RA 6713 is the general law which applies to all public officials and employees. For elective officials, Sec. 90, RA
7160 governs, being a special law. Under the said provision, all governors, city and municipal mayors are prohibited
from practicing their profession or engaging in any occupation other than the exercise of their functions as local chief
executives. Meanwhile, sanggunian members may practice their professions, engage in any occupation, or teach in
schools except during session hours, subject to certain exceptions. Since the law itself grants them the authority to
practice their professions, there is no longer any need for them to secure prior permission or authorization from any
other person or office for any of these purposes. 

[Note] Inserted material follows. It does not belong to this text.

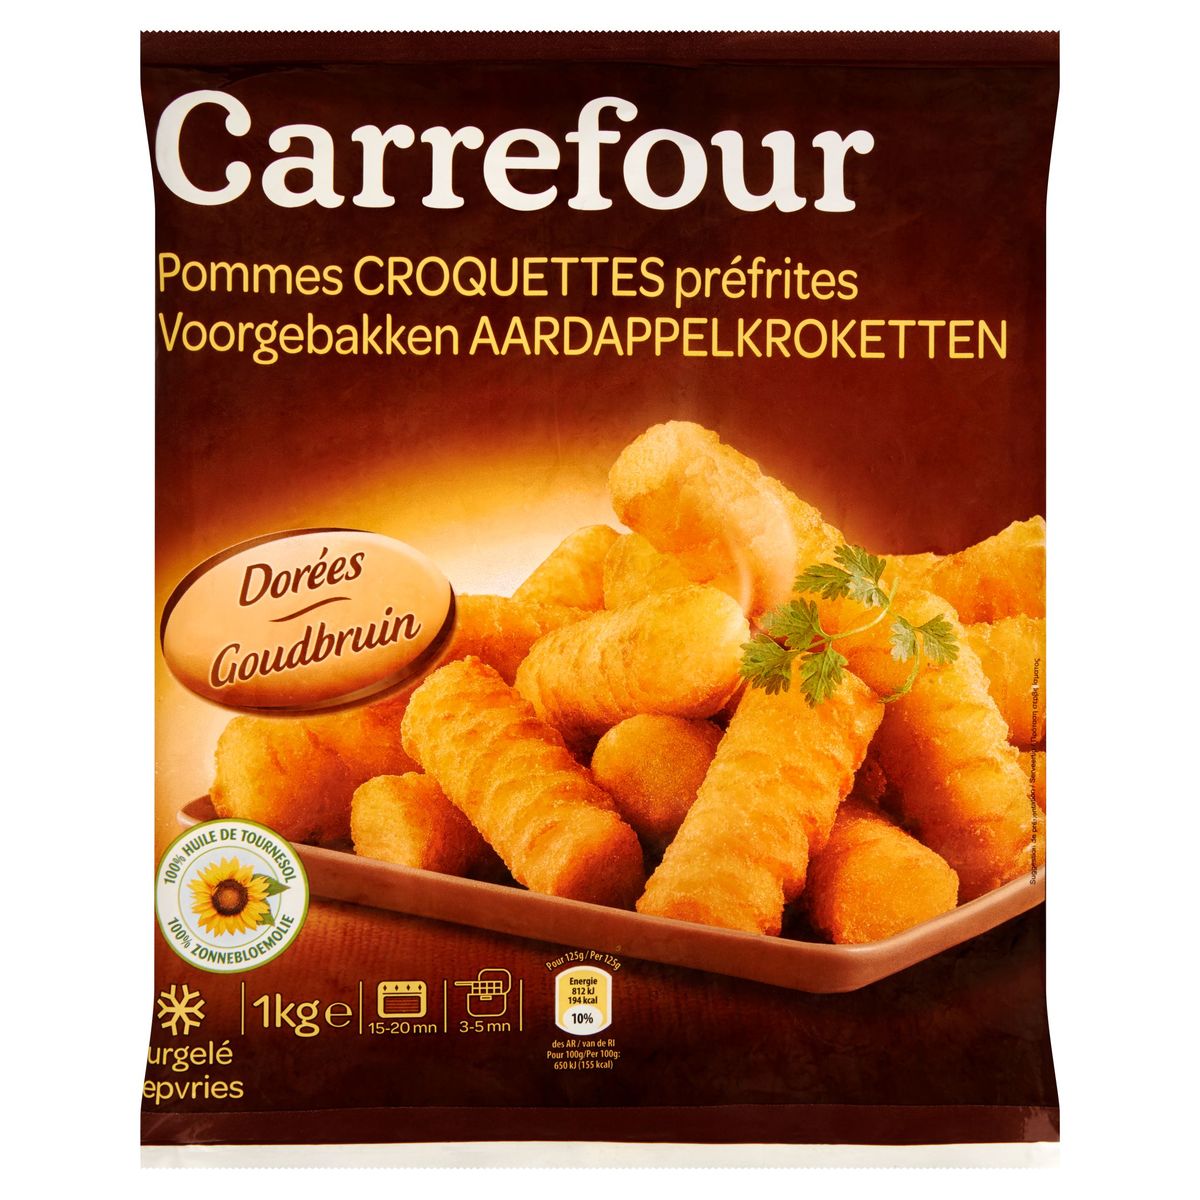 Carrefour Voorgebakken Aardappelkroketten Goudbruin 1 kg

Here, the respondent was elected as punong barangay. Clearly, no such interdiction is made on the punong
barangay and the members of the sangguniang barangay. Since they are excluded from any prohibition, the
presumption is that they are allowed to practice their profession. Thus, the respondent was not forbidden to practice
his profession. However, he should have procured prior permission or authorization from the Secretary of Interior and
Local Government, as required under Section 12, Rule XVIII of the Revised Civil Service Rules. 
In acting as counsel for a party without first securing the required written permission, respondent not only engaged in
the unauthorized practice of law but also violated civil service rules which is a breach of Rule 1.01 of the Code of
Professional Responsibility, which provides that a lawyer shall not engage in unlawful, dishonest, immoral or deceitful
conduct. Respondent also violated Canon 7 which provides that “a lawyer shall at all times uphold the integrity and
dignity of the legal profession and support the activities of the integrated bar” for not living up to his oath as well as
for not complying with the exacting ethical standards of the legal profession. 
For these reasons, the Court suspended Atty. Rellosa from the practice of law for a period of 6 months.